Studio album by ZZ Top
- Released: March 23, 1983
- Recorded: 1982
- Studios: Frank Beard's home studio, Quail Valley; Ardent Studios, Memphis; Terry Manning's home studio, Memphis;
- Genres: Hard rock; blues rock; new wave; synth-rock;
- Length: 45:00
- Label: Warner Bros.
- Producer: Bill Ham

ZZ Top chronology
| El Loco (1981) | Eliminator (1983) | Afterburner (1985) |

Singles from Eliminator
- "Gimme All Your Lovin'" Released: April 1983; "Sharp Dressed Man" Released: July 1983; "TV Dinners" Released: December 1983; "Legs" Released: May 1984;

= Eliminator (album) =

1983 studio album by ZZ Top

Eliminator is the eighth studio album by American rock band ZZ Top. It was released on March 23, 1983, by Warner Bros. Records, and rose high on the charts in many countries. Four hit singles were released—"Gimme All Your Lovin'" which reached the American Top 40, "Sharp Dressed Man", "TV Dinners" and their most successful single, "Legs". Eliminator is ZZ Top's most commercially successful release, with sales of 11 million and diamond certification in the US.

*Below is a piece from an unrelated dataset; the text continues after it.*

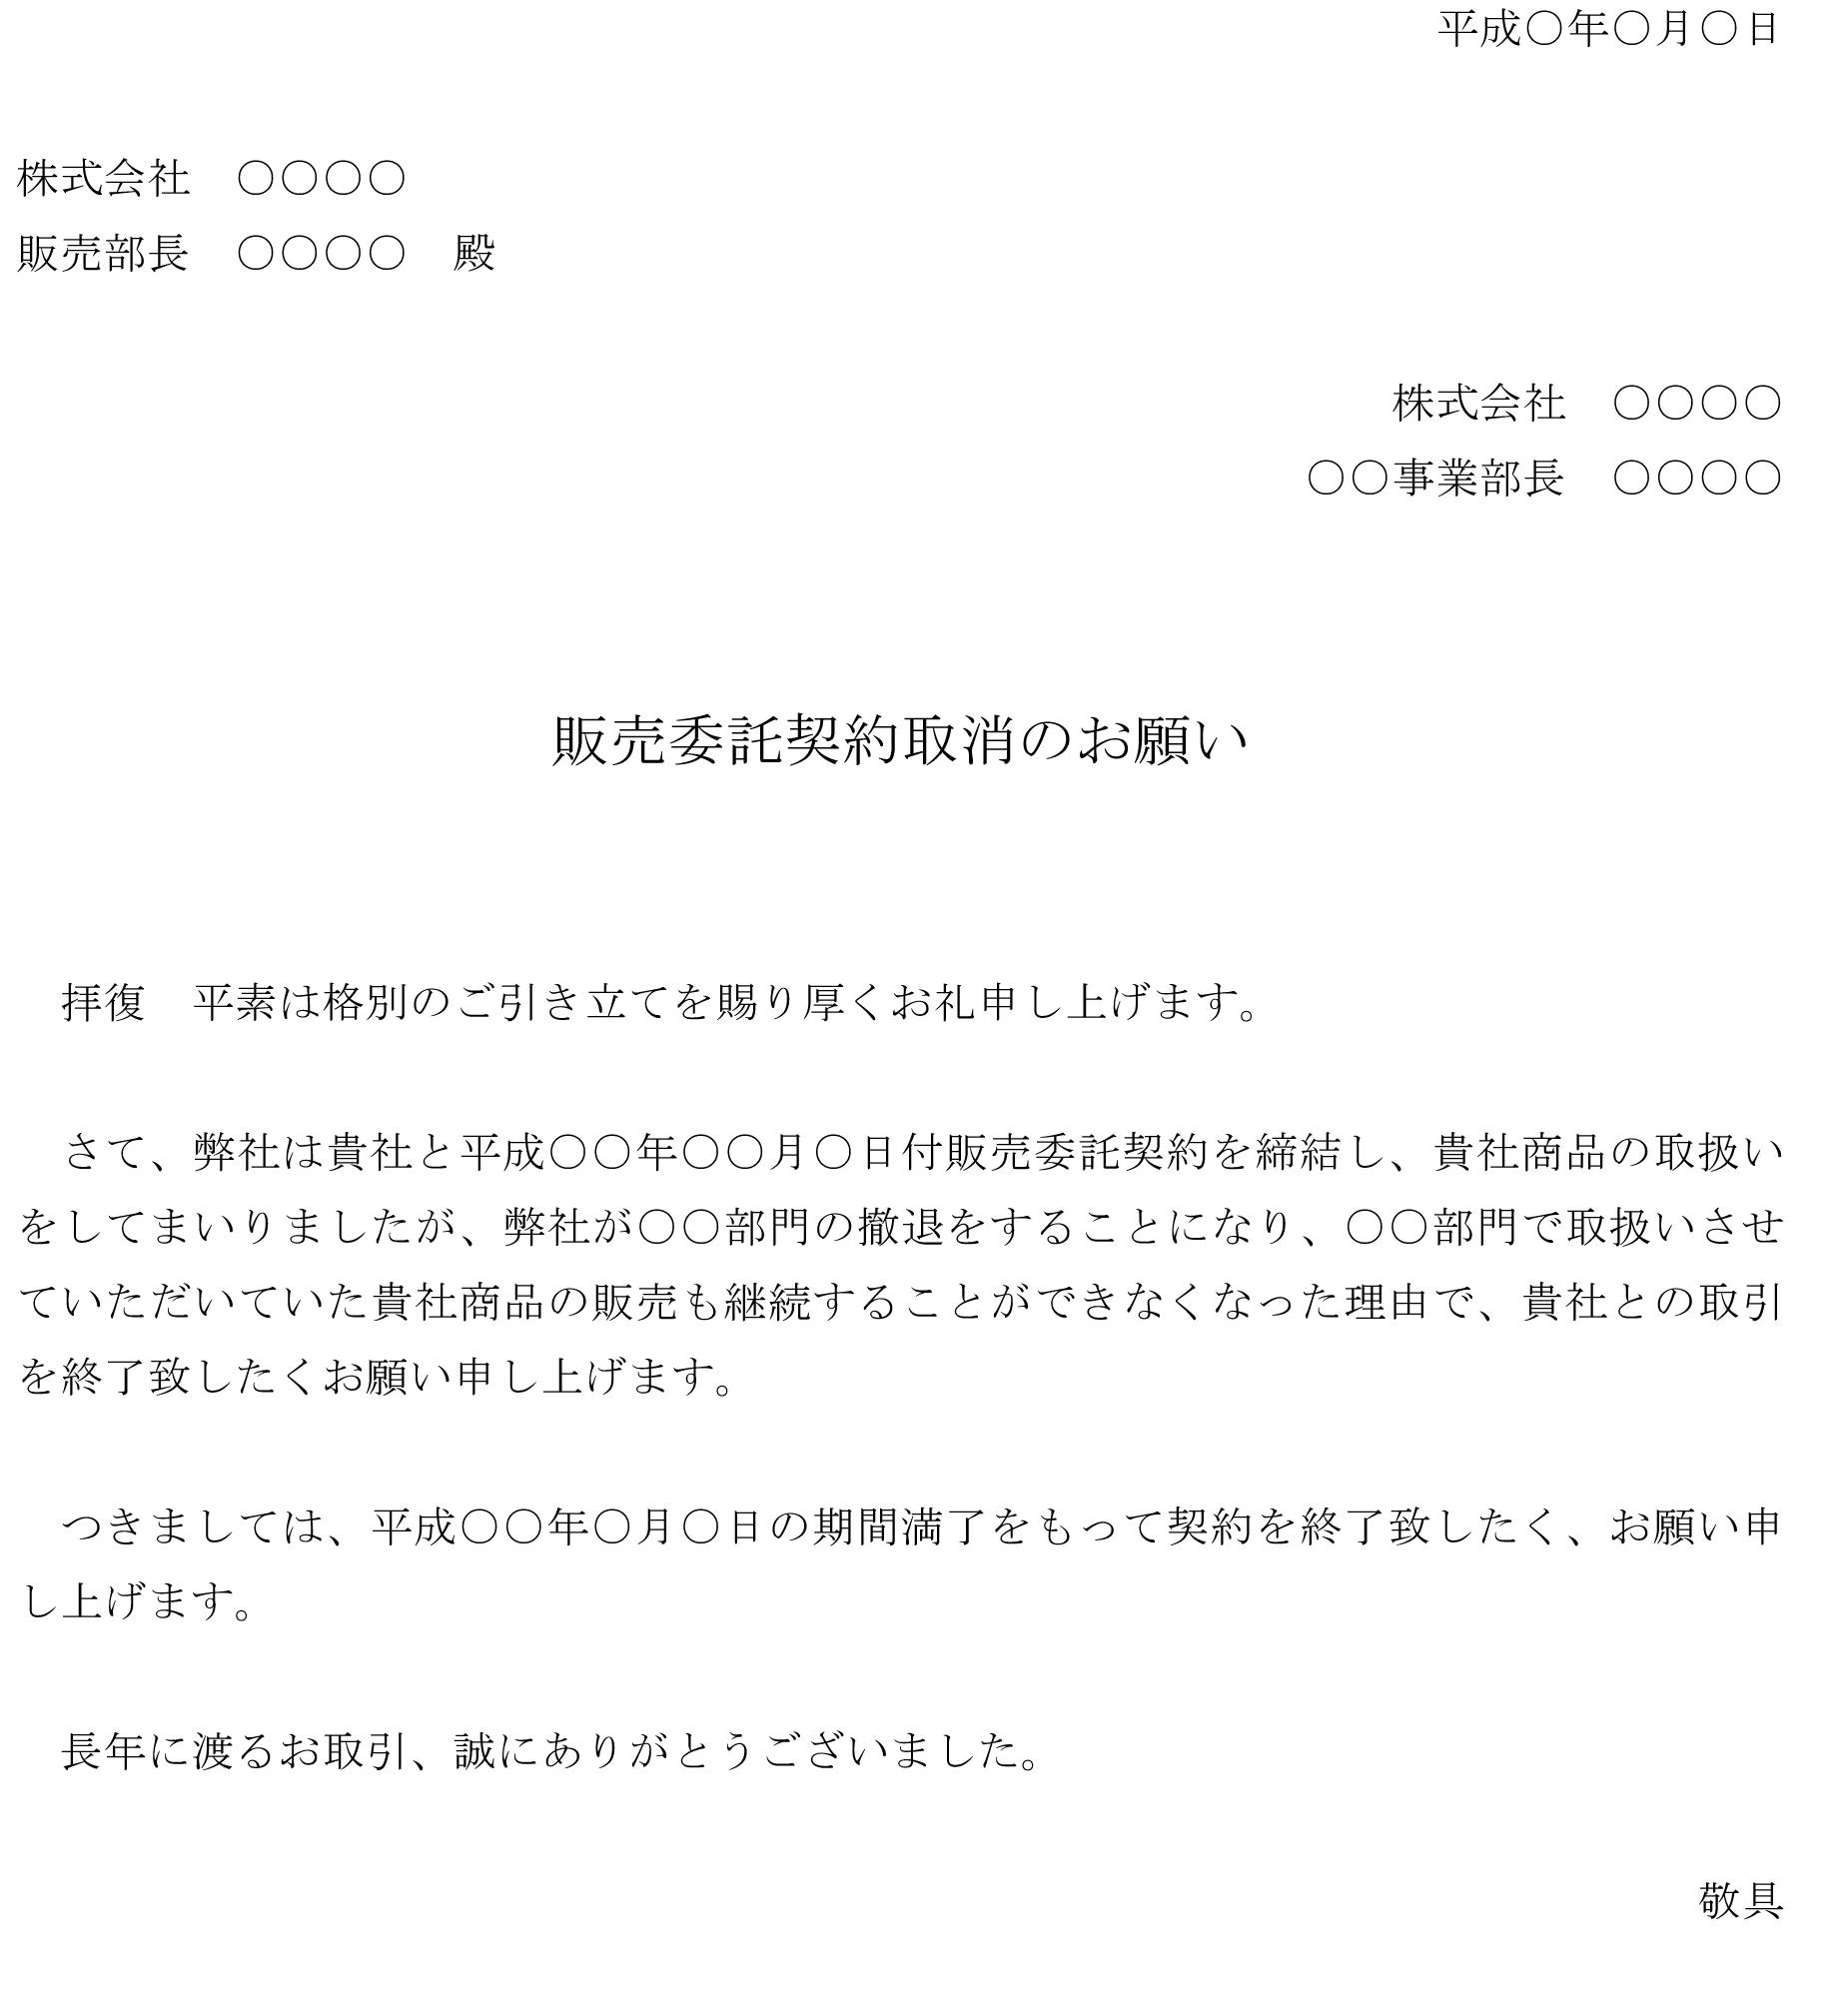 依頼状(販売委託契約取消)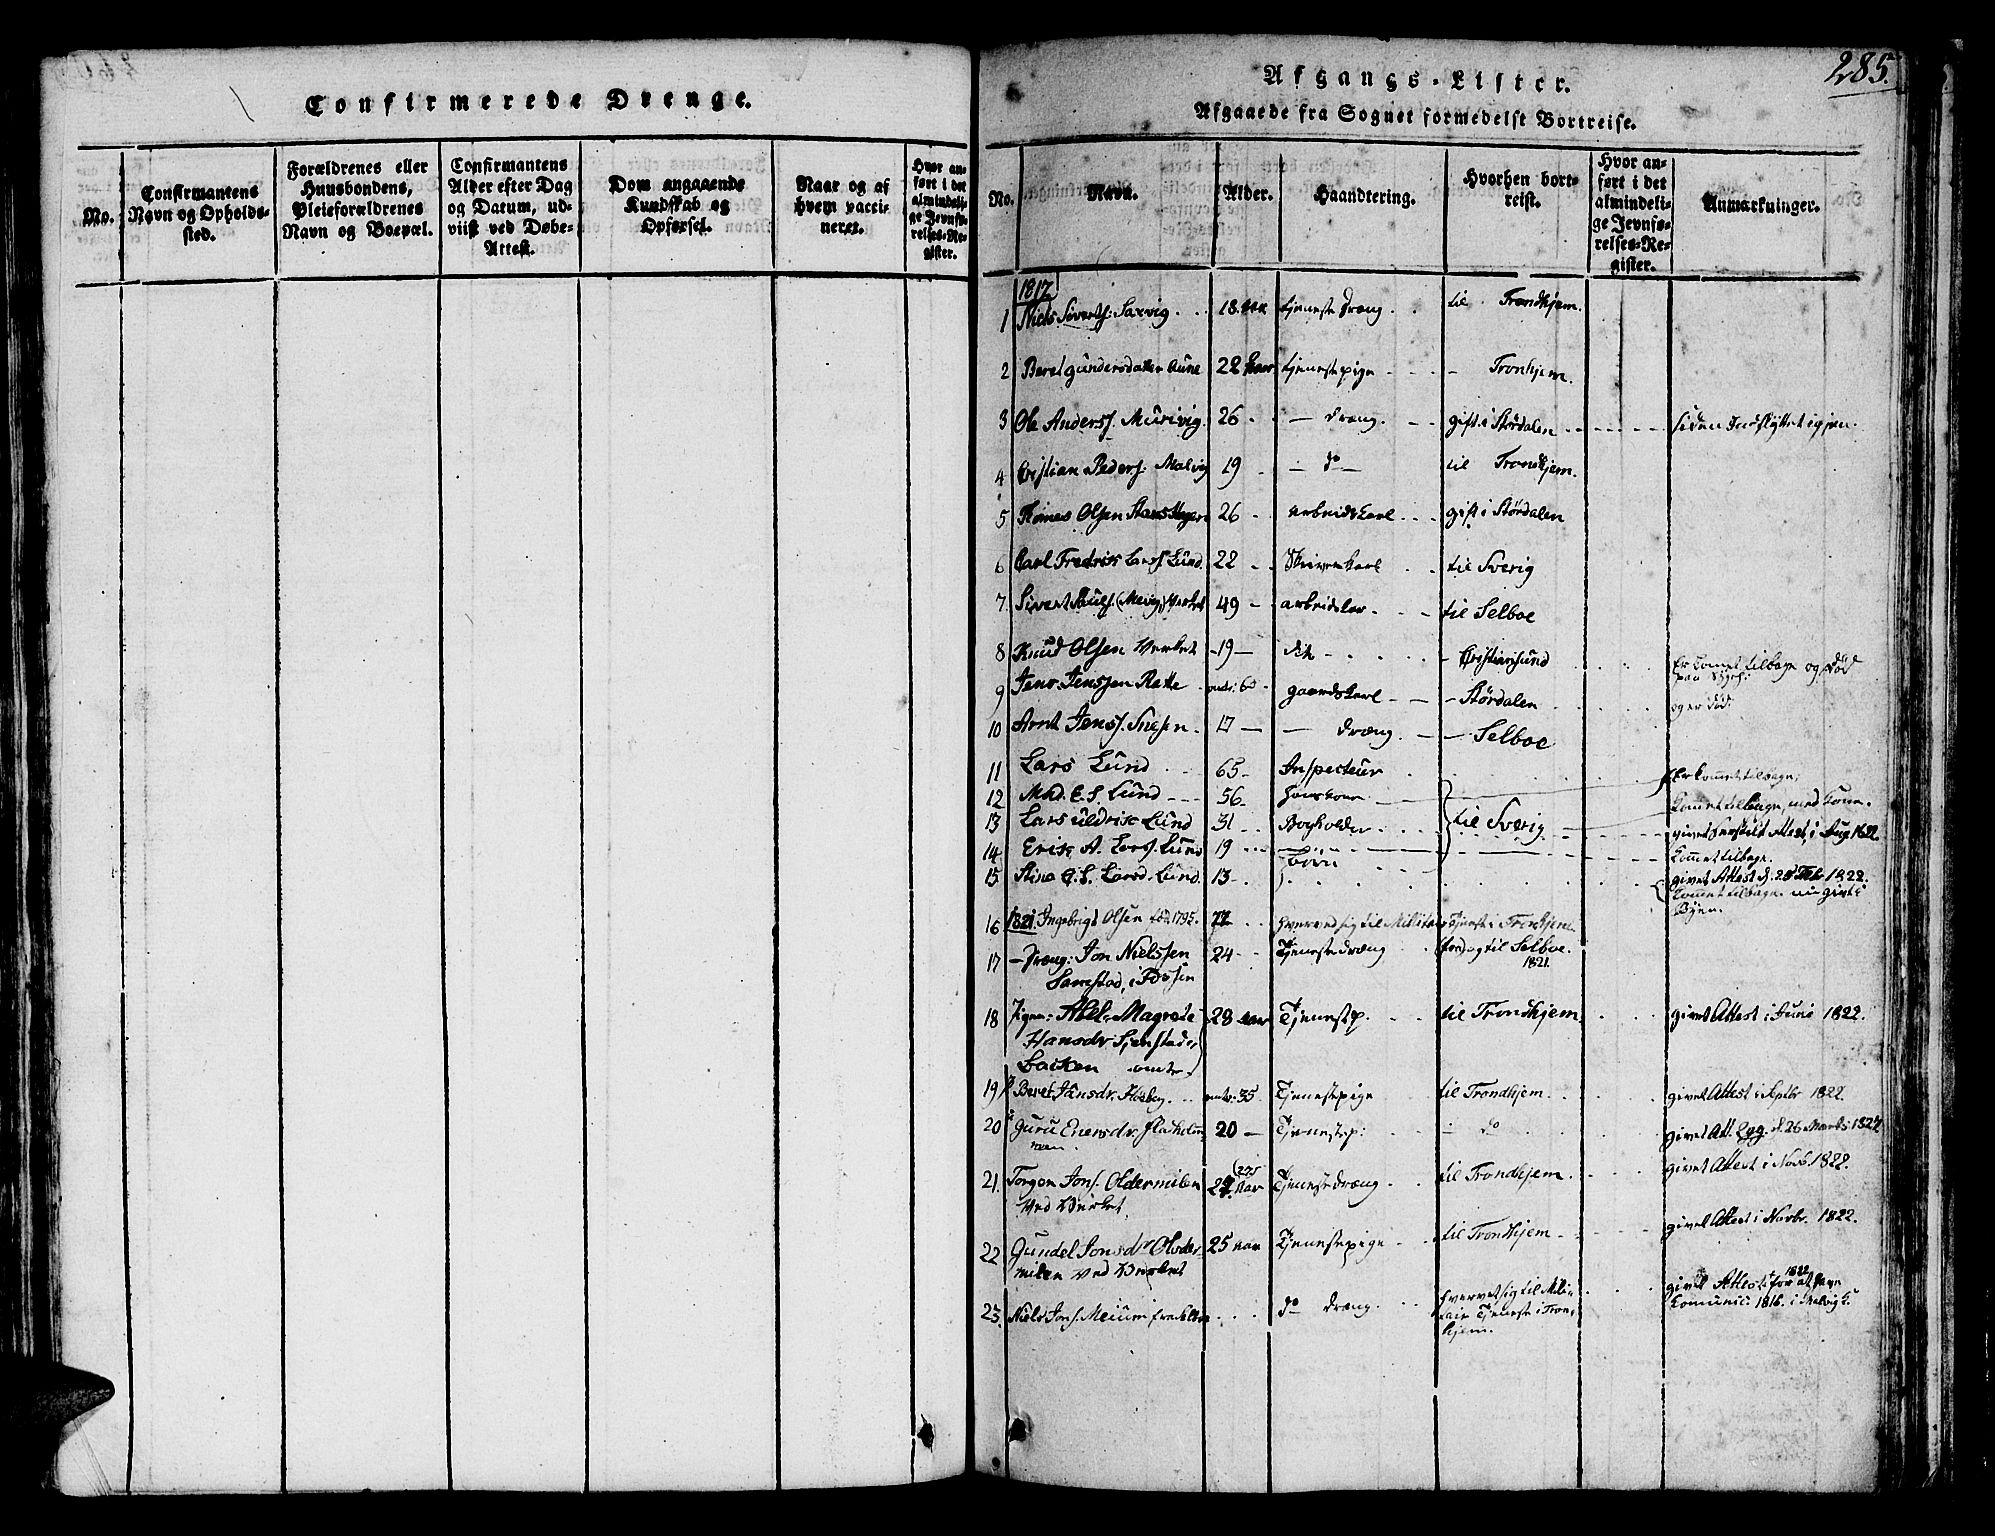 SAT, Ministerialprotokoller, klokkerbøker og fødselsregistre - Sør-Trøndelag, 616/L0420: Klokkerbok nr. 616C03, 1817-1835, s. 285

Since El Loco in 1981, the bandleader, Billy Gibbons, had been moving ZZ Top's boogie and blues rock style towards the popular new wave style. For Eliminator, he increased the tempo and used more synthesizers and drum machines, producing a "tighter" album with a steady, driving beat. The pre-production engineer Linden Hudson collaborated with Gibbons in Texas on the tempo and songs. The producer Bill Ham and the engineer Terry Manning joined Gibbons in Memphis, Tennessee, to edit the songs, replacing much of the contributions of bassist Dusty Hill and drummer Frank Beard. Ham claimed the album was solely the work of ZZ Top, but in 1986 Hudson won a lawsuit establishing himself as composer of the song "Thug".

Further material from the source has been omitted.